Sharing the lecture held on July 11, 2023.

Translating the Stone:
Henry Bencraft Joly, China’s Greatest Novel, and Joseon Era Korea

SPEAKER: Ronald Gray

 

SUMMARY:

If you have visited the Yanghwajin Foreign Missionary Cemetery in Seoul, you may have come across an intriguing, tall, stone, Victorian grave monument with fading incised Chinese characters and English lettering. The monument marks the grave of the British diplomat Henry Bencraft Joly (1857-1898), who was Vice-Consul to the Chemulpo (modern day Incheon) Consulate in Korea at the time of his death. Joly was also a noted translator of China’s most celebrated novel 紅樓夢 (Honglou meng, commonly known as Dream of the Red Chamber or The Story of the Stone), having published an English translation of the first 56 chapters of the novel. This lecture will first discuss Joly’s life in Korea, his translation of Honglou meng, as well as other 19th century English translations of the work, and what they reveal about Western attitudes about East AsiaThe second half of the talk will examine Honglou meng’s reception in Korea, how it was translated, and its great popularity with Korean women, including palace females.

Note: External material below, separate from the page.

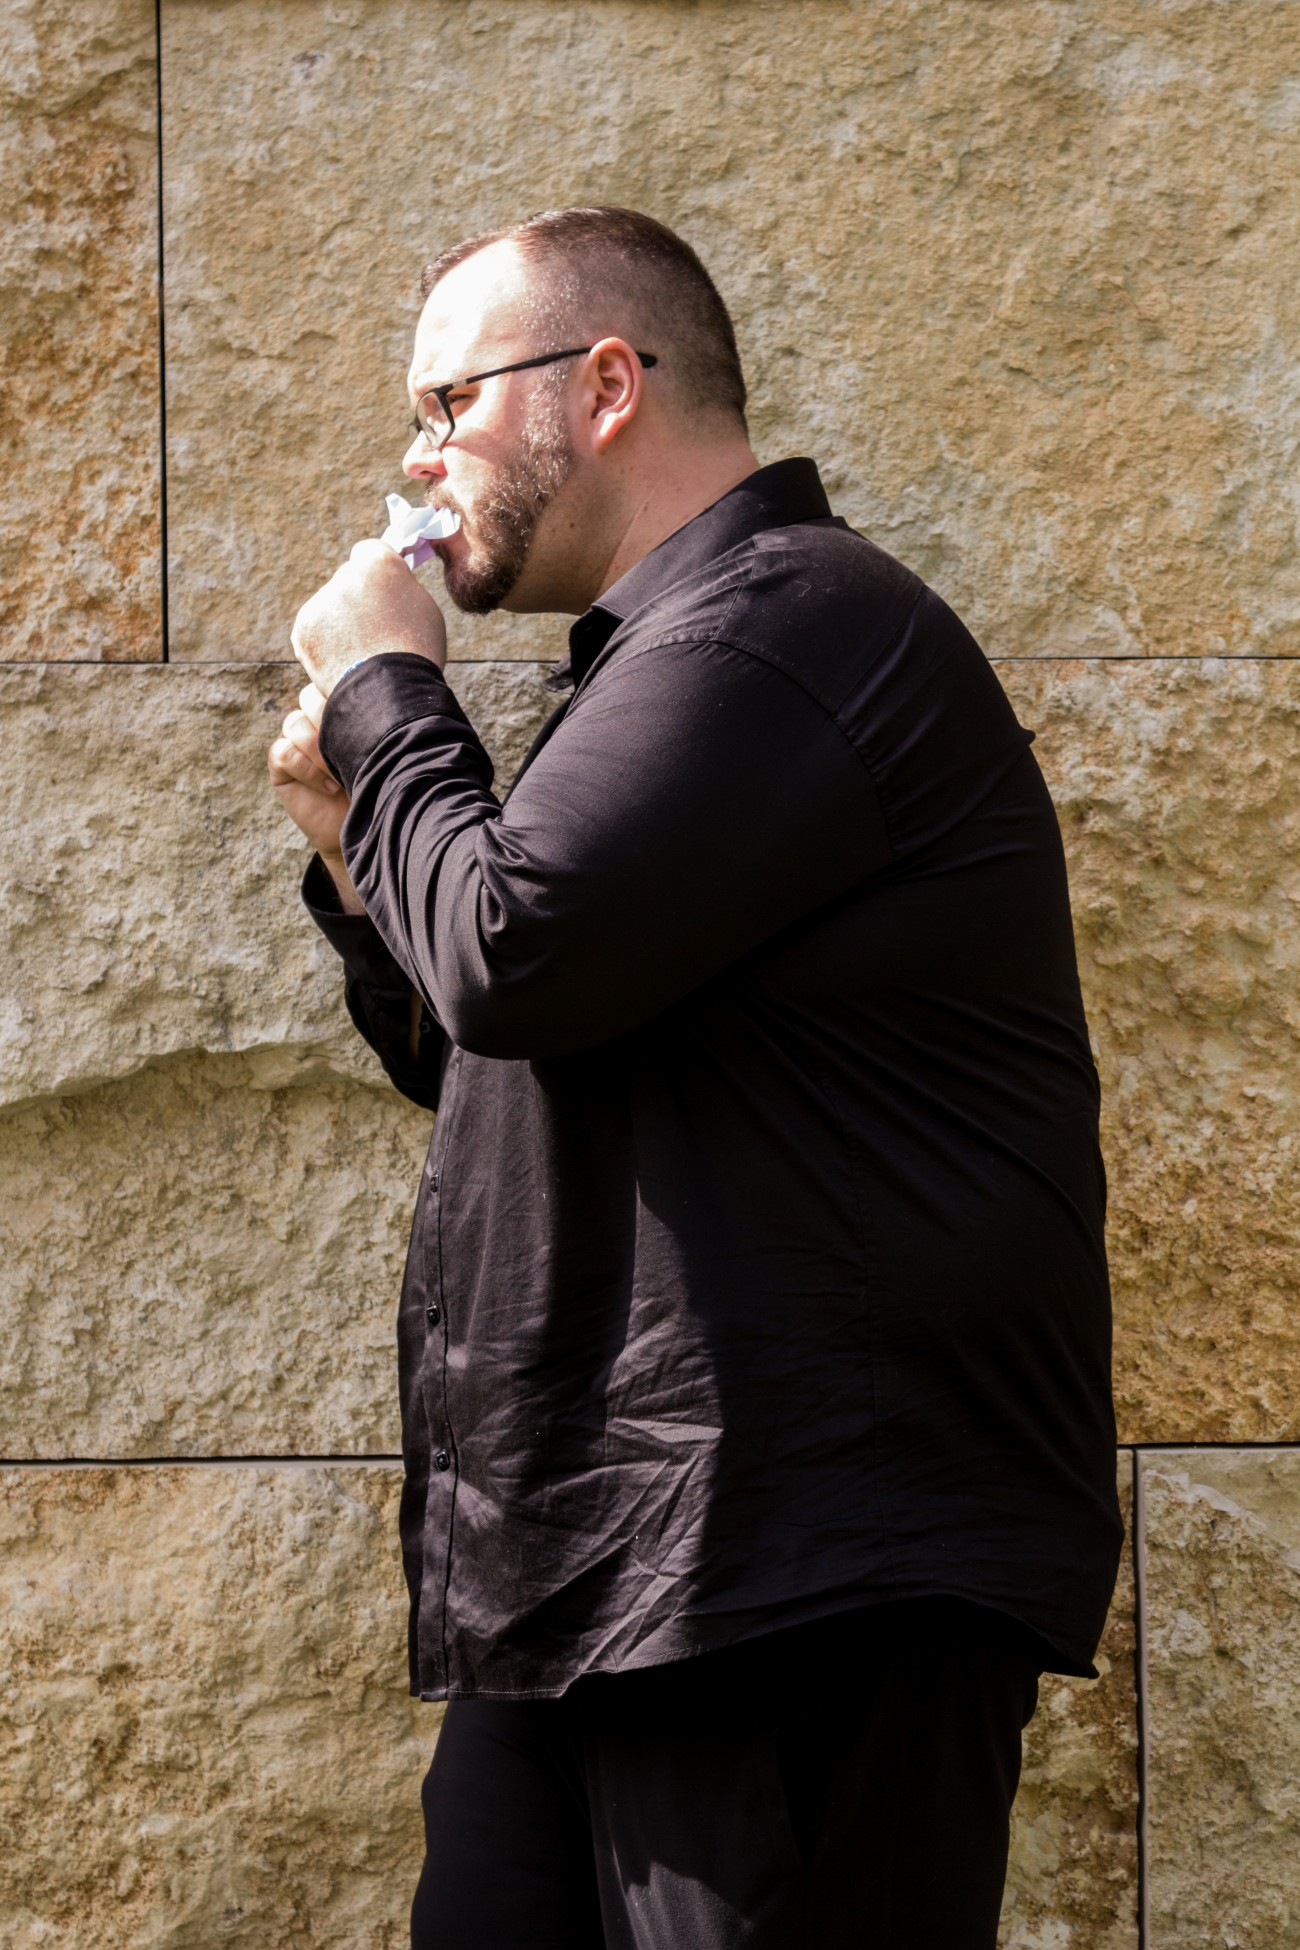 Steve Giasson. Performance invisible n° 116 (Manquer de mots). D'après Keith Arnatt. Art as an Act of Retraction. 1971. Performeur : Steve Giasson. Crédit photographique : Martin Vinette. I.G.-Farben-Haus, Goethe-Universität Frankfurt am Main. 21 mai 2016.

The lecture concludes with a brief discussion of the novel’s current status in Korea and the West, and the importance of “humanizing” translation history.

BIO:

Ronald Gray has taught at universities in South Korea, China, Japan, and most recently Ohio University in the U.S. He has written and co-edited three books on Honglou meng, including the 2022 work Reading Dream of the Red Chamber: A Companion to Cao Xueqin’s Masterpiece, as well as articles on the novel for Western and Chinese journals. He has also published an intellectual biography of the American cultural critic and historian Paul Fussell, and a book on Evelyn Waugh’s famous novel Brideshead Revisited. He lives in Gongju, Korea.